I am afraid of failing at this job. I am afraid of being FOUND OUT as an impostor. While many women in the workplace wrestle with this “Impostor Syndrome“, my decision to leave the workforce for 10 years heightens this fear for me. Almost all of my new colleagues are in their late 20s/early 30s. So while I LOOK like I should have institutional knowledge and focus, they’re the actual rock stars. I’m the impostor trying to distract them with a tone of certitude and an air of wisdom, all the while desperately running to catch up.

I attributed getting this job to my sobriety. If I drink, I can attribute failing at this job to a lack of sobriety, rather than what I’m really afraid of: I just wasn’t up to the challenge.

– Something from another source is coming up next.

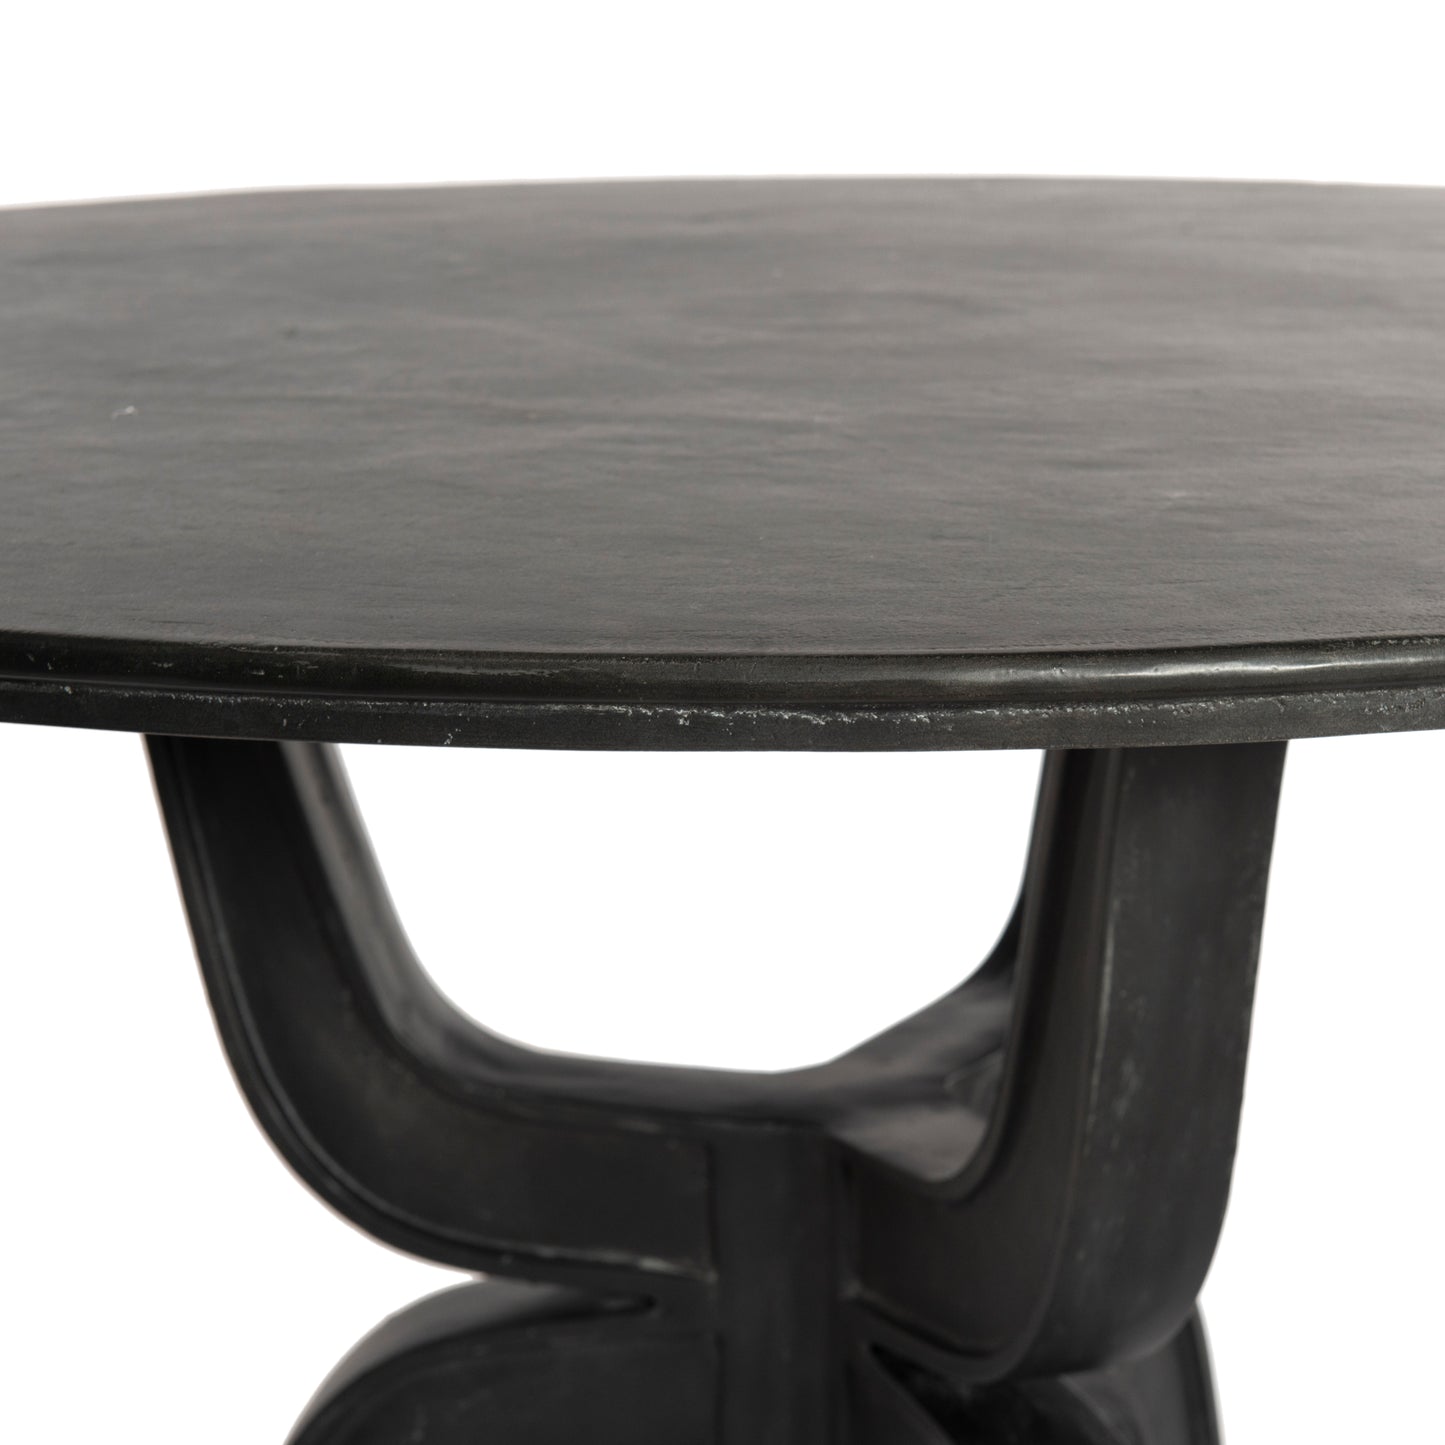 Raven Outdoor Dining Table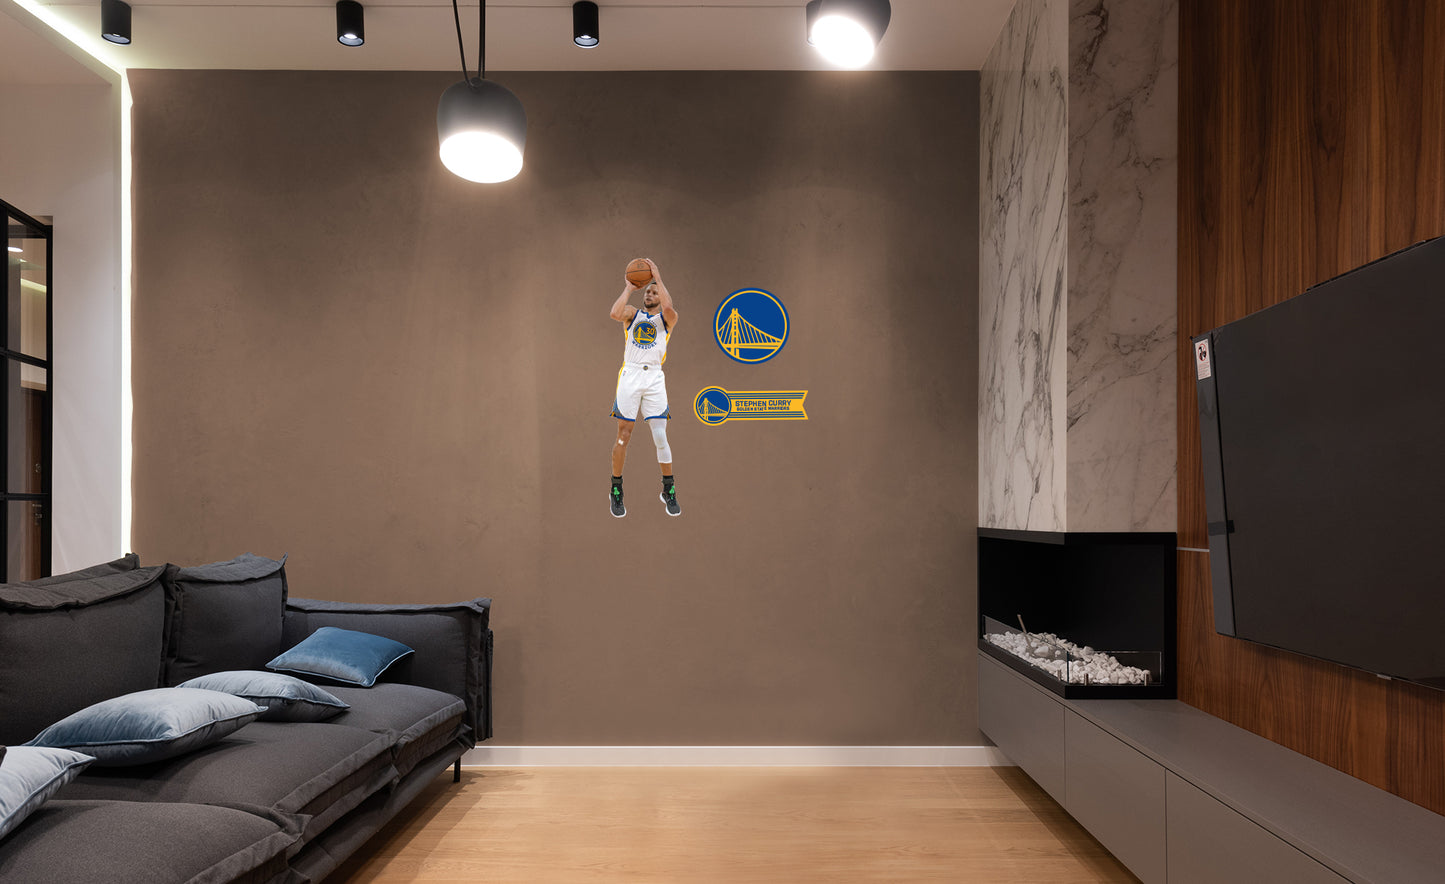 Golden State Warriors: Stephen Curry  Jumper        - Officially Licensed NBA Removable     Adhesive Decal

7 thoughts on “The Impostor Syndrome and Self Destructive Behavior

  1. Wow Sally, that is so insightful. It sounds like you are realizing so much and getting to know yourself well. You continue to inspire me.
    I too am in the “want to quit drinking because I have goals” camp. It’s very difficult– not backing down is the difficult part, but you sound very clear, like you know exactly what you want, and so brave. Thanks for sharing those links, I will check those out.

  2. Yay for smiling co-workers! Other people’s negativity is so energy-sapping… blerugh .. (I made that word up).. I’m rooting for you.. imposter syndrome is alive and well in my mind.. was all the way through my masters thesis (and still even now after getting my B+).. I feel like I was just ‘acting’ and ‘pretending’ to be an academic.. rather than authentically being one. Starting a new job is very unsettling because all the systems are new.. the language people speak isn’t familiar.. but all of that will soon become your normal .. and hopefully you’ll feel more at home in the environment and in your career skin. Sobriety will help bring you authenticity, wine never will. xxxx

    • I loved your AUTHENTICITY post a few weeks back, Mrs. D. It really resonated with me. …. I got a B+ on my Master’s Thesis, too. As you might expect, the interview process for this job did not include questions on my grades, but instead on what I actually learned, which was (thankfully!) quite a lot. … Hope you have gotten through the rainy week sans Mr. D. I’ve been thinking of you.

  3. You are brilliant. Read your blog from start to finish and I just want to keep reading. Lance Dodes, who writes books about addiction, is also helping me big time. Thank you so much for sharing.